1)  We have a relationship with metaphysical reality.  It is experienced by human beings as a personal thing.  Now, you're going to want to pick the words "relationship" and "personal" apart, which is fine.  I'll let your comments dictate how I should work to define them.  But, part of what I mean here is that metaphysical reality is not, I believe, a mere static thing - it is something that, to speak very crudely "moves" in a certain sense.  It is something that relates to me, and I to it.  To speak of ultimate reality as in a relationship with me, I must speak of God.

2)  I am grateful.  Why is this so, I do not know.  Yet I look upon my existence, my reality, and I feel a tremendous and totally unshakable sense that I am grateful for all of it.  This is what causes me to worship, and when I worship, I worship God.

3)  Most of all, so many truly great minds have called God "God."  I do not believe that I know all there is to know, and I do not believe that I am the wisest, most intelligent, best educated, or best informed person ever to live.  Since I don't believe those things, I look to other people who I think to be wiser etc. than me, at the very least in certain areas, to try and learn.  We all do this (unless we are psychotically arrogant).  The question of whom to choose to follow is an incredibly vexed one.  If we only follow those who say the things we already know, then we are not following at all.  Moreover, we are not being serious with ourselves - at some point we've listened to someone else in order to learn what we now do, in fact, think we know.  So when someone says something we do not already believe to be true, how do we know to trust him or distrust him?  I'm not actually sure how we do this, but I've often talked about the process of discerning that kind of thing about a teacher or thinker by saying that certain teachings "ring the bell of the soul." 

The first time I read Dostoeyevsky's Brothers Karamazov, many years before I became Orthodox, I put the book down, heart racing, and all I could think was "this man understands something...knows a truth that I do not know...but I know he knows it."  Years later, after becoming Orthodox, I read the book again - and all I could see was a simple Orthodox Christian teaching, written by a brilliant author.  That teaching is that real life is found when what I call the "idol of self" dies with Christ on the cross, and the real human being is born into life.  It was the same truth, I believe that I had detected, but not understood, the first time I read the book.  Those years before, I could see the arrows pointing the way long before ever coming to see what they pointed to.

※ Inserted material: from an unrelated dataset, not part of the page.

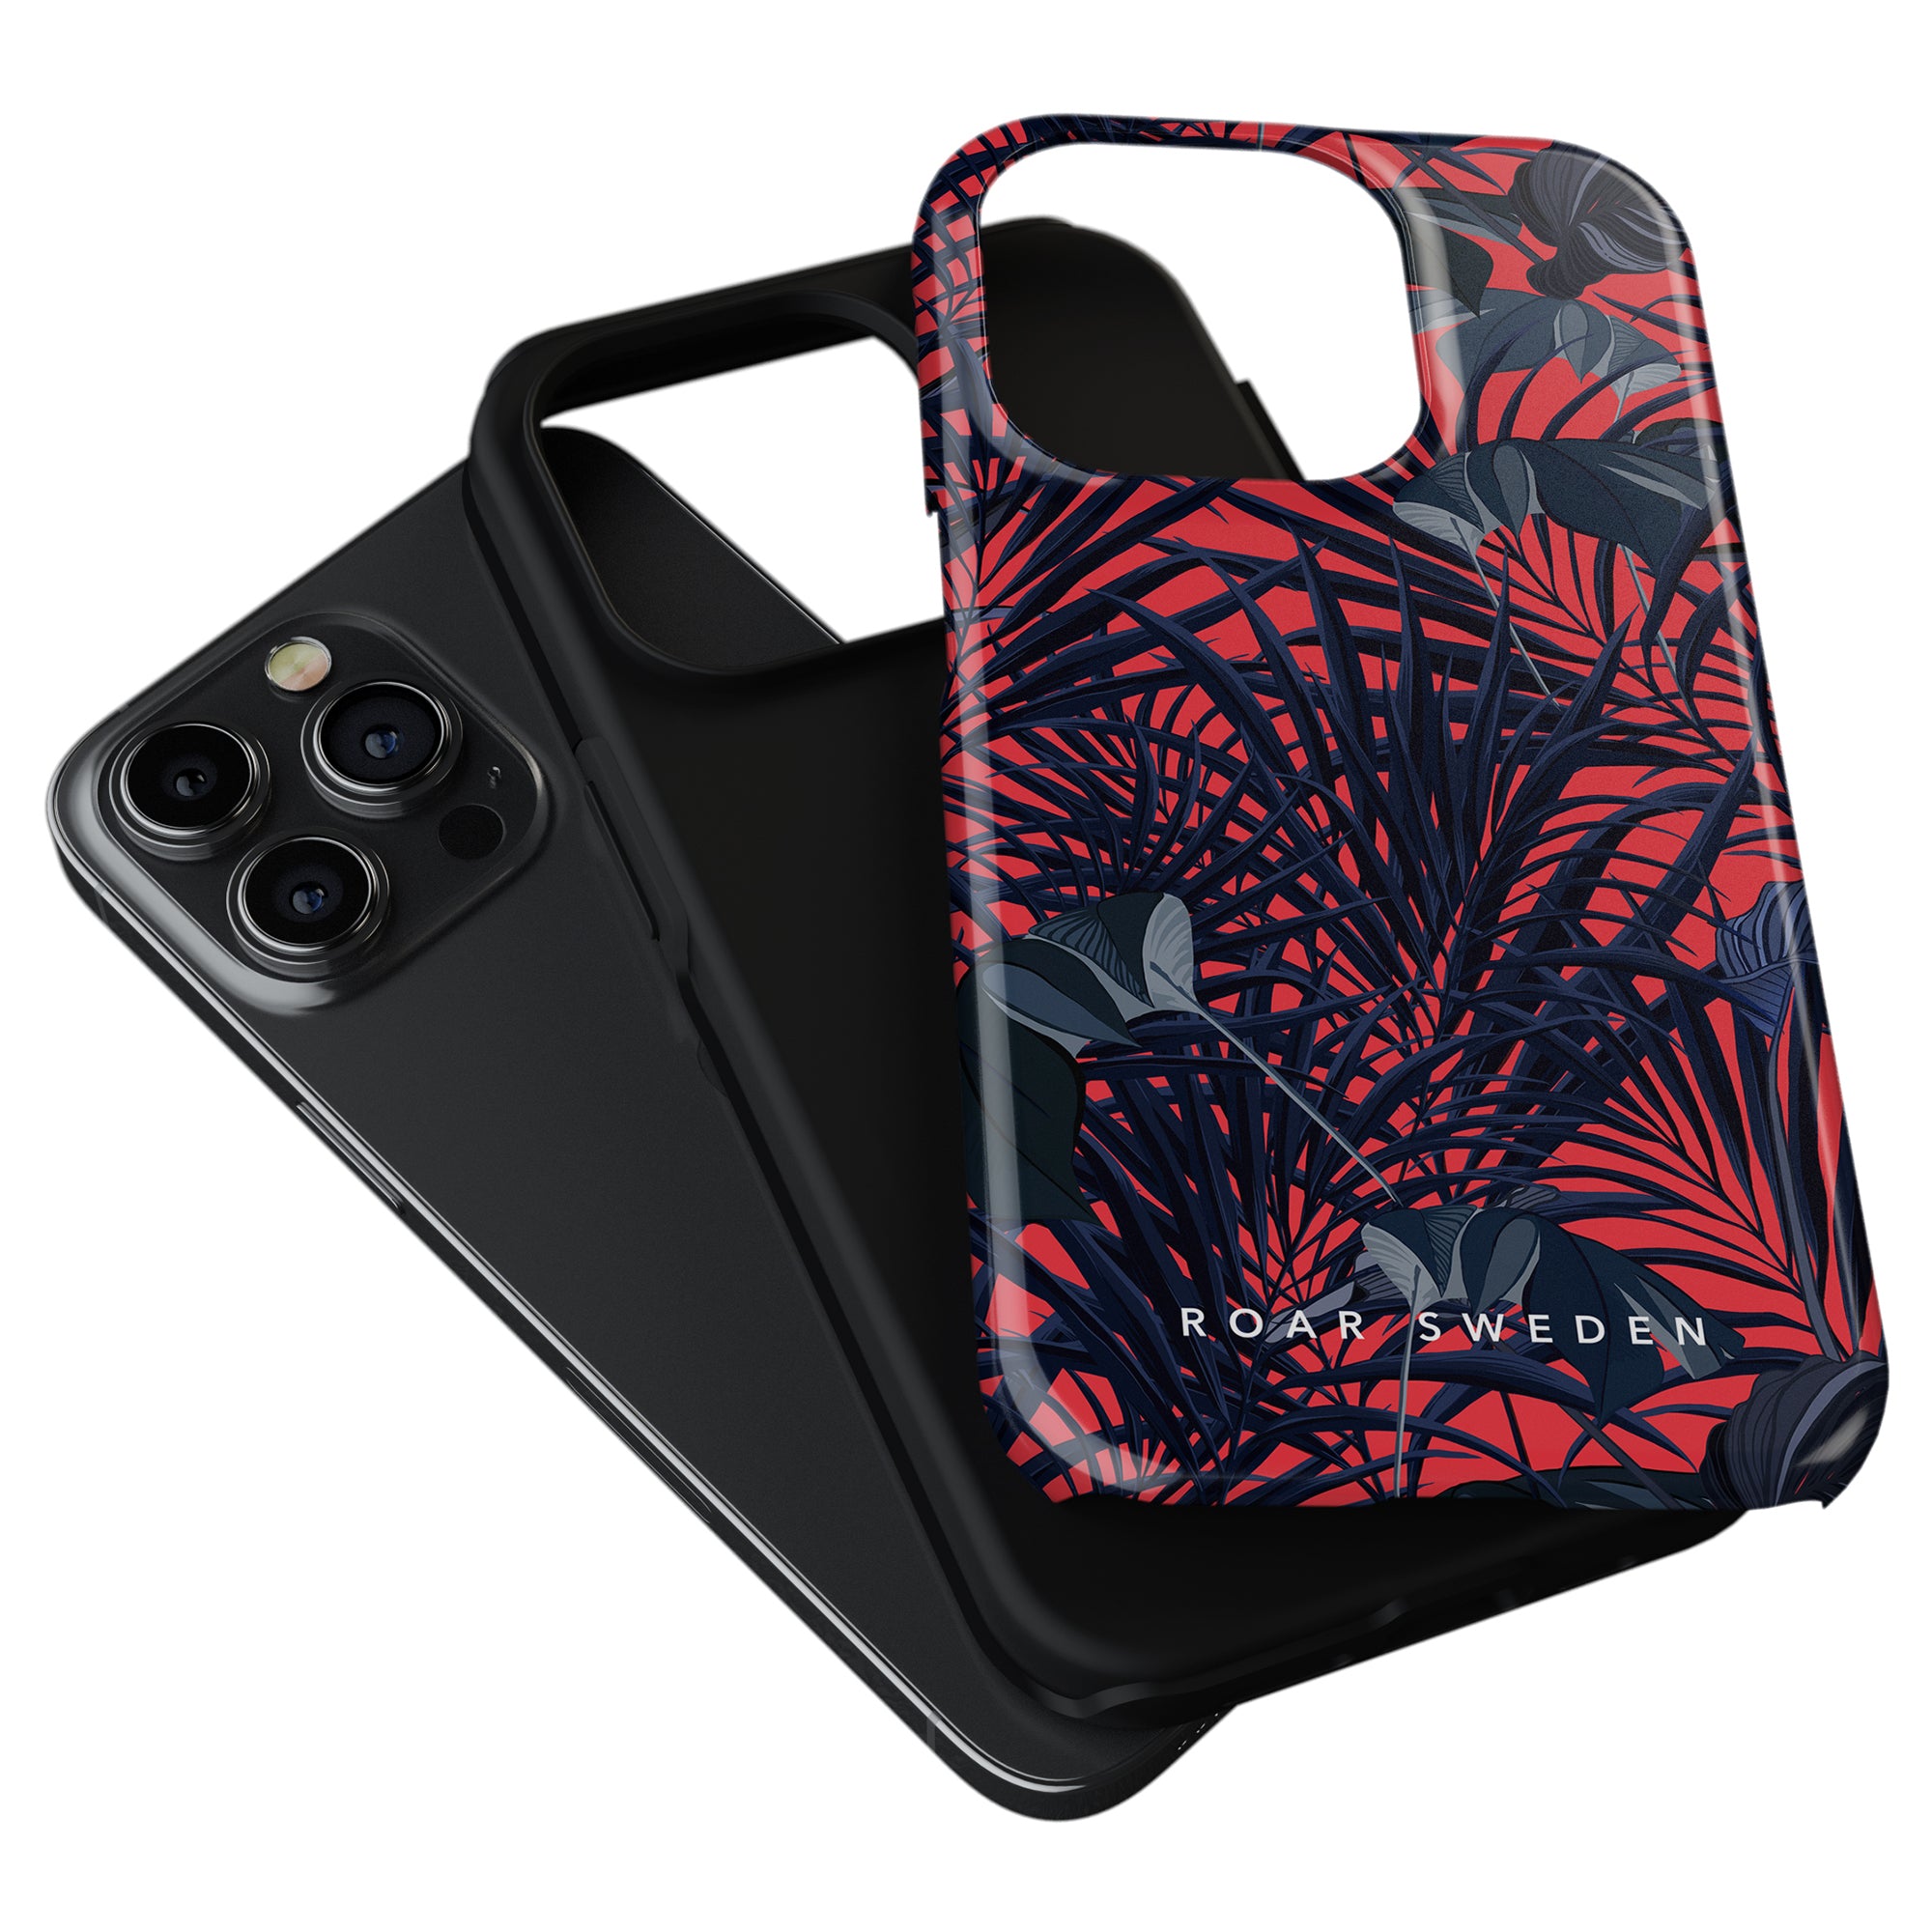 Two smartphone cases, one plain black and one from the Jungle Collection with a red and blue floral pattern labeled "Red Tropics - Tough Case," lie on top of a smartphone.

I can't always rationalize why I follow whom I follow, but I would propose that you probably cannot either.  In this case, I simply somehow knew that Dostoevsky knew something that I didn't.  So, back to the point where I started this - the people whose writings have struck me as really wise and brilliant in this world (including Dostoevsky, St. Gregory Nazianzus, St. Augustine, St. Gregory Palamas, not to mention scripture) most often seem to talk about "God." 

Now, I want to make one thing clear as I make this point.  I did not grow up in a Christian home, I never attended church as a youth, and becoming Christian as an adult has only made more difficult my relationship with family and the friends I had before.  I have not been drawn to find these thinkers and teachers compelling by some social pressure.  For me, the social pressure is just the opposite.  I did not find myself here because I wanted to believe these things.  I found myself here because the best teachers I encountered in books, and, eventually, in life, all talked of God...and indeed, were very often (though not absolutely always) Orthodox on top of that.  At some point it was too great a pattern to ignore, and, in a very literal sense, I gave up and began talking of "God."  Today, in those moments when I am, for a brief time, the person I was created to be - when the world is real - I see why those thinkers would have it that way.

We choose the language of those around us who seem, to our minds, to really understand.  The point is not that this language is the most "accurate" in some sense - as I've been saying, God is Mystery, and no language captures that anyway.  We take the language of our communion, and so I take the language of God.